┌──

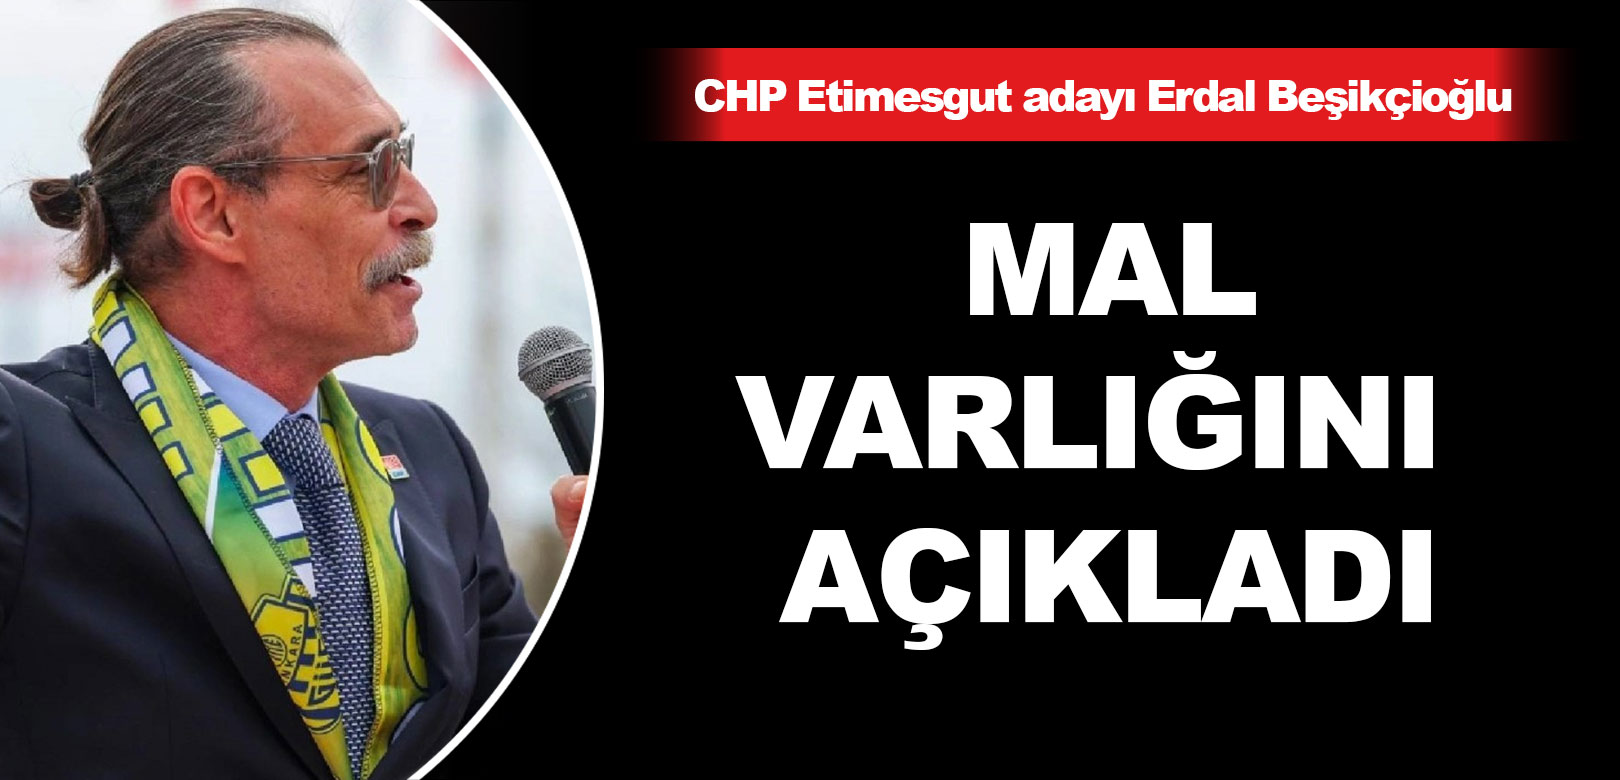 CHP'nin Etimesgut adayı Erdal Beşikçioğlu mal varlığını açıkladı
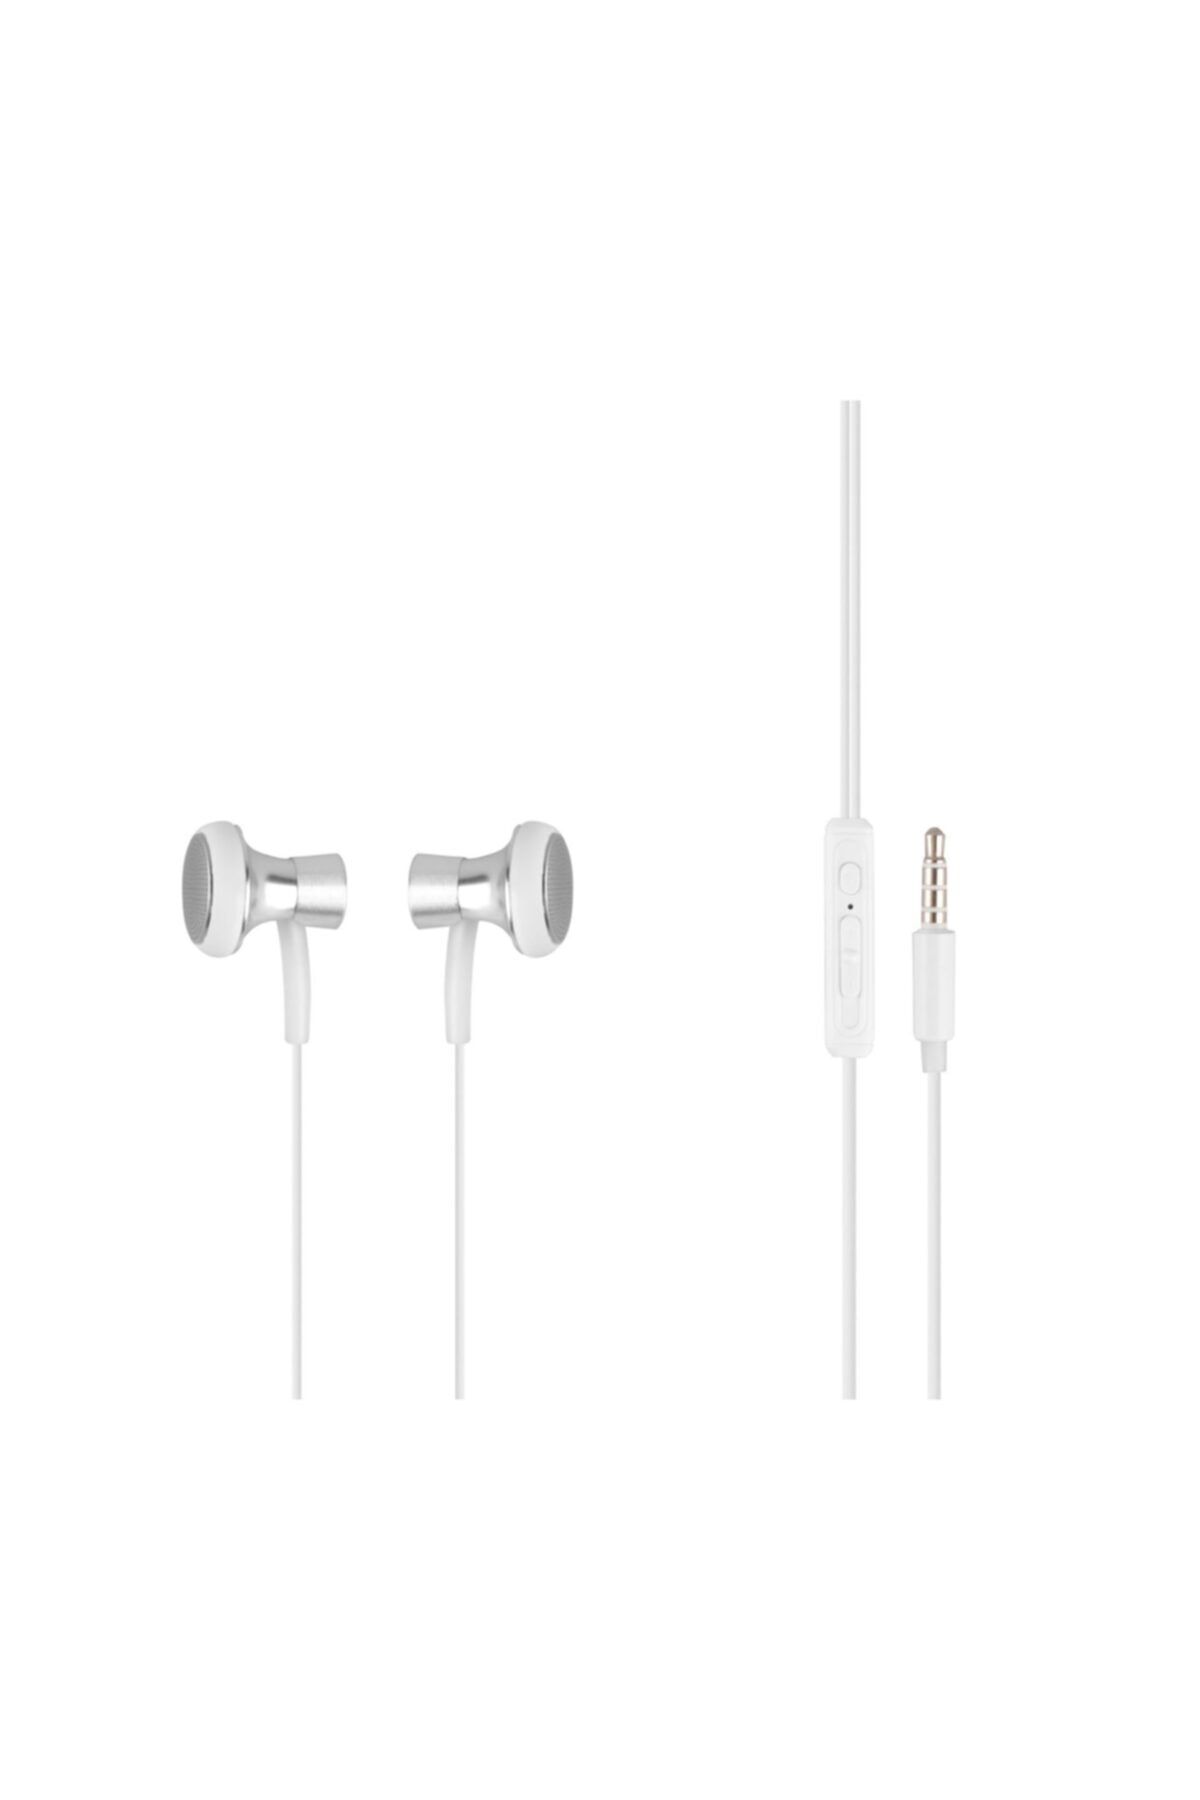 MF PRODUCT 0153 Mikrofonlu Kablolu Kulak Içi Kulaklık Beyaz
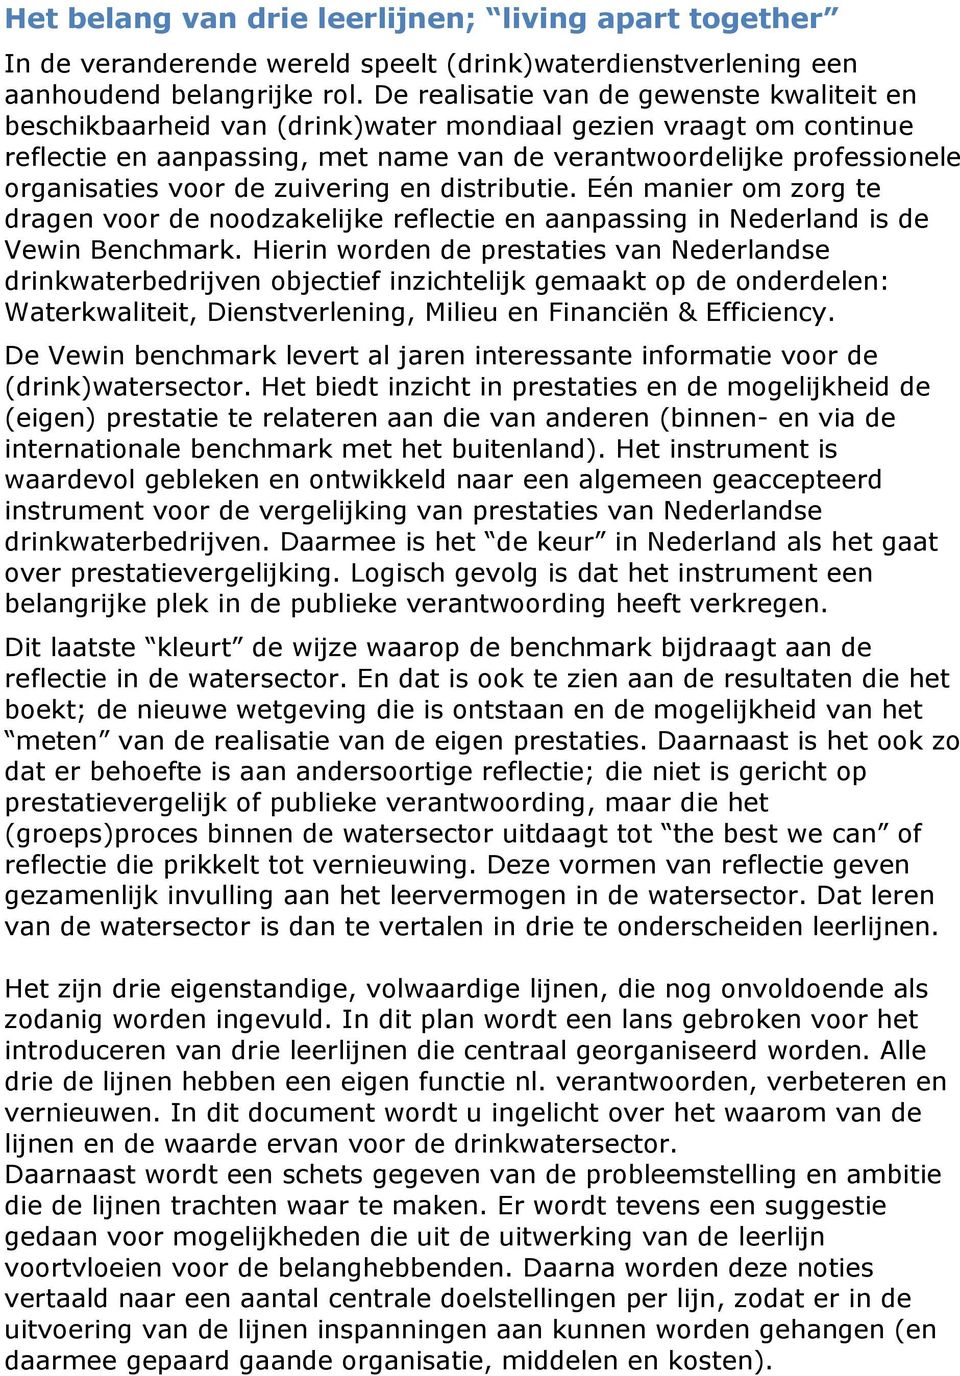 voor de zuivering en distributie. Eén manier om zorg te dragen voor de noodzakelijke reflectie en aanpassing in Nederland is de Vewin Benchmark.
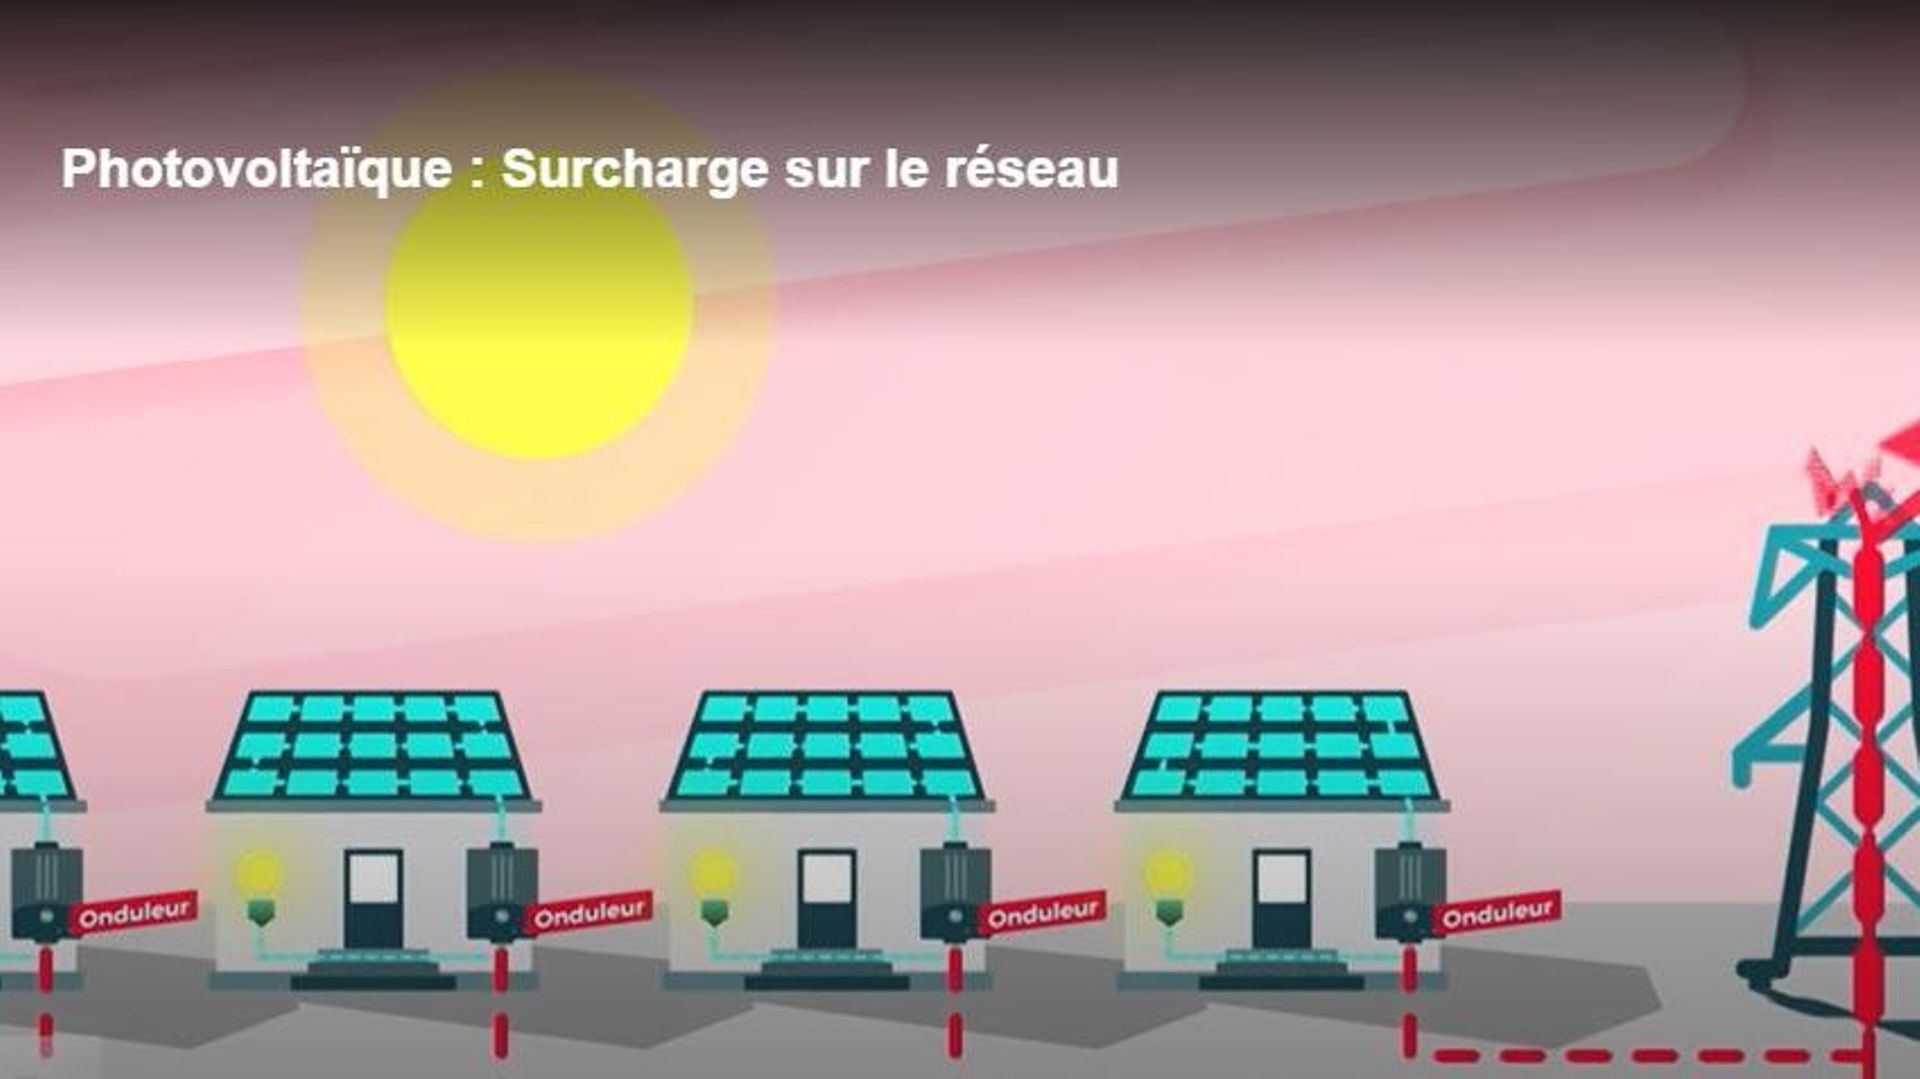 Photovoltaïque : Brabant wallon, Namur et Luxembourg les plus touchées par le décrochage des onduleurs

└──

_Try it_
In your copy, include no pictures and only the lines from the line with "voor de zuivering" through the final line of the listing above, reproduced exactly.

_Output of the exercise_
 voor de zuivering en distributie. Eén manier om zorg te dragen voor de noodzakelijke reflectie en aanpassing in Nederland is de Vewin Benchmark.
 Photovoltaïque : Brabant wallon, Namur et Luxembourg les plus touchées par le décrochage des onduleurs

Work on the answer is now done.